The retention portion 31 has a planar configuration. An upper section and a lower section of the retention portion 31 are bifurcated respectively by the two spring arms 33. A pair of vertical opposite locating sections 32 thereby formed coplanarly on the retention portion 31. Two barbs 321 protrude outwardly from a lower lateral side edge of each of the locating sections 32.

As shown more clearly in FIG. 2, each passageways 23 extends through the housing 2 from a mating surface 20 to a mounting surface 21 thereof, and is configured with a generally T-shaped profile. The passageways 23 has a board receiving cavity 231 and a narrow retention slot 232 in communication with one end of the receiving cavity 231. Recesses 233 are defined on each inner sidewall of the passageway at opposite lateral sides of the retention slot, toward into the housing. The recesses 233 each interferingly engage corresponding barbs 321 when the contact 3 is disposed in the passageway 23. Thus, the contact 3 is firmly retained in the passageway 23.

Referring to FIG. 3, In use, the connector 1 is sandwiched between the CPU and the PCB. Exterior force F is provide to press the CPU and the PCB to close toward each other until the CPU stand on the upper serial stand-offs 24 and the traces of the PCB touch on the protrusions 25. With the serial stand-offs 24 to strengthen the integrated intensity of the passageways, so the horizontal force F′ can not easily destroyed the side-walls of the passageways 23.

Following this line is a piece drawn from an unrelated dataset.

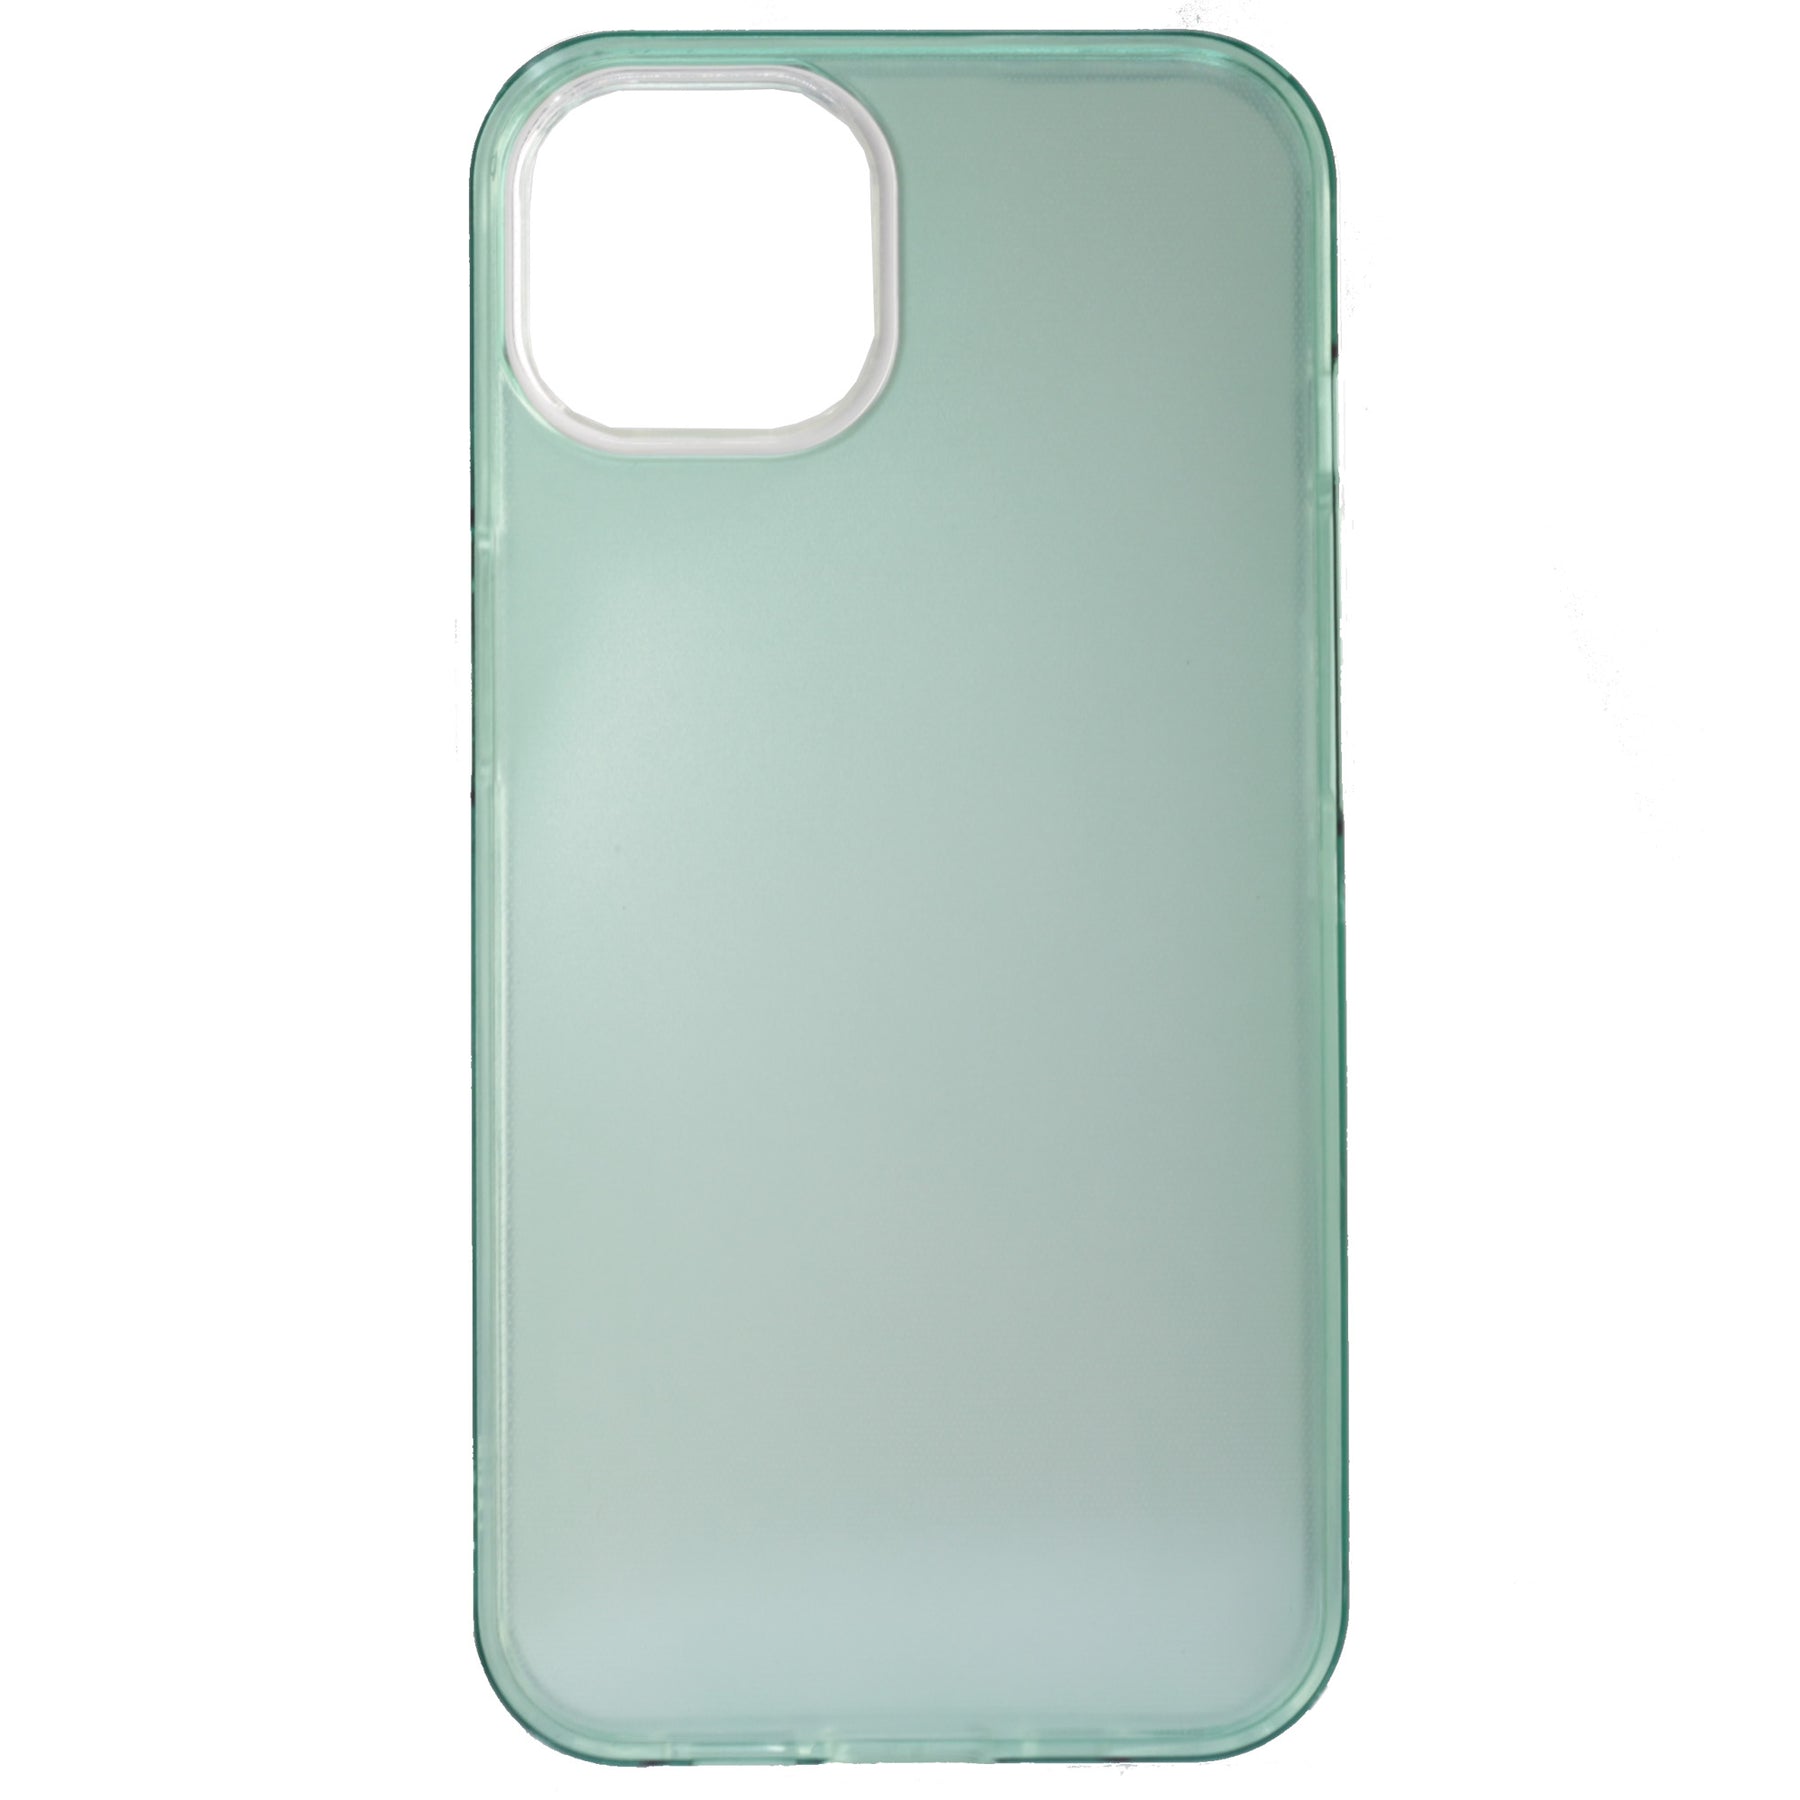 Apple iPhone 13 Pro Case, Double Sided Frosted Surface, Color Green.

While the present invention has been described with reference to illustrative embodiments, the description of the invention is illustrative and is not to be construed as limiting the invention. Various of modifications to the present invention can be made to illustrative embodiments by those skilled in the art without departing from the true spirit and scope of the invention as defined by the appended claims.

Claims

1. An electrical connector comprising:

an insulative housing;

a multiplicity of conductive contacts;

the housing defining with a conductive district for electrically connecting with a CPU and a PCB;

the conductive district comprising a mating surface and a mounting surface opposite to the mating surface; and

a plurality of passageways extending vertically through said conductive district to receive corresponding contacts therein; wherein

a seriate stand-offs extend from the two opposite lateral sides of the adjacent passageways on the mounting surface.

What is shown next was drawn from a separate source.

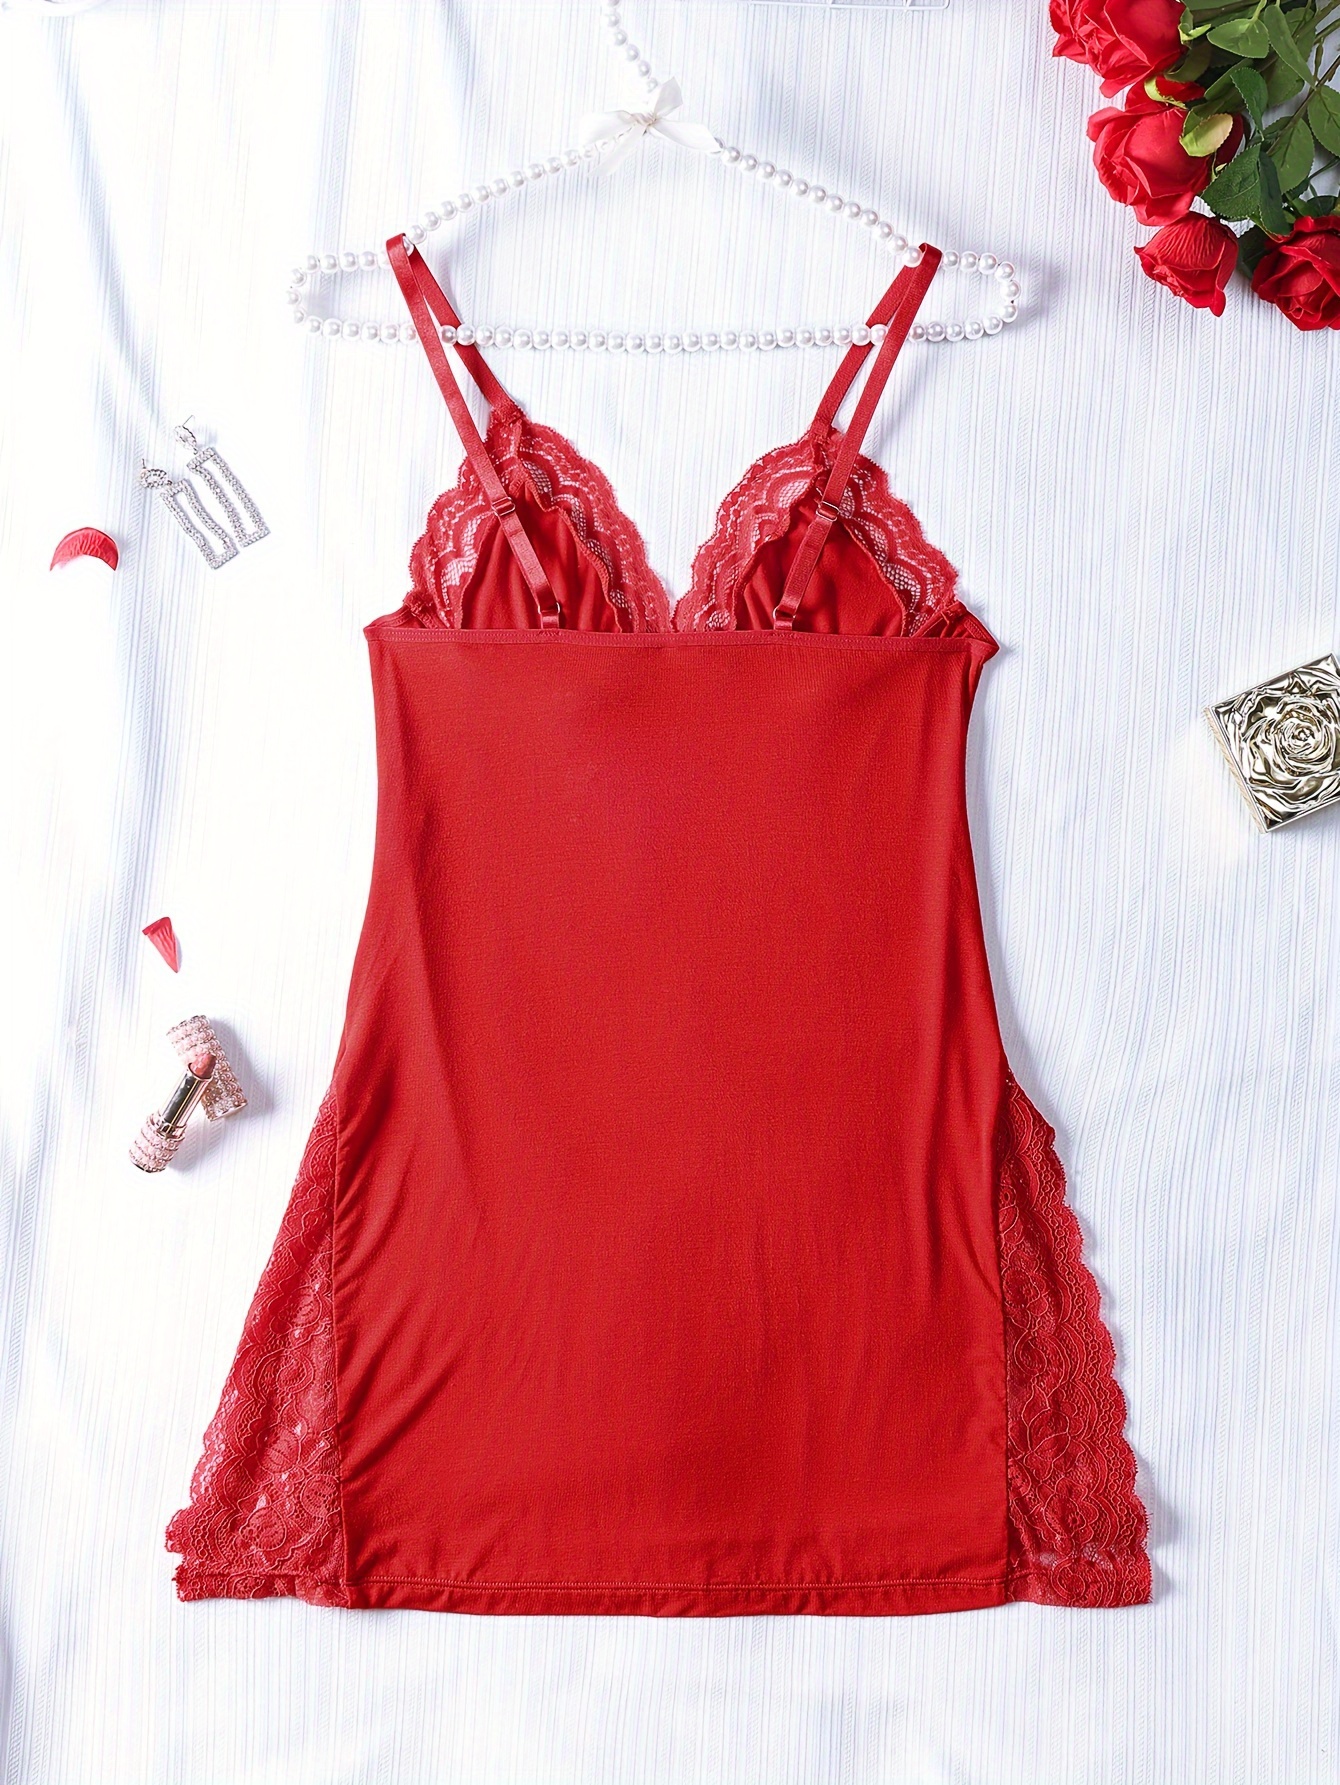 Babydoll Overall Lacy Bralette Dress - Red

2. The electrical connector as recited in claim 1, wherein said conductive district is divided into a first conductive district and a second conductive district.

3. The electrical connector as recited in claim 1, wherein the contact comprises a vertical retention portion, at least two spring arms obliquely extending from two opposite sides of the retention portion, respectively, and has a substantially symmetric C-shaped profile.

4. The electrical connector as recited in claim 3, wherein said stand-off is parallel to the direction-line of the spring arms of the contacts.

5. The electrical connector as recited in claim 2, wherein the contacts are opposite received in the first and the second conductive district.

6. The electrical connector as recited in claim 5, wherein the contacts of the first conductive district are oriented in a first common direction different from the contacts of the second conductive district.

7. An electrical connector comprising:

an insulative housing;

a multiplicity of conductive contacts;

the housing defining with a conductive district for electrically connecting with a CPU and a PCB;

the conductive district comprising a mating surface and a mounting surface opposite to the mating surface;

a plurality of passageways extending vertically through said conductive district to receive corresponding contacts therein; and

the contact imposes a force in a direction against a first wall face beside the passageway when the contact is downwardly pressed; wherein

for each of said passageways, a pair of stand-offs vertically extend respectively from a pair of second wall faces which are located by two sides of the first wall face, and also along the direction horizontally.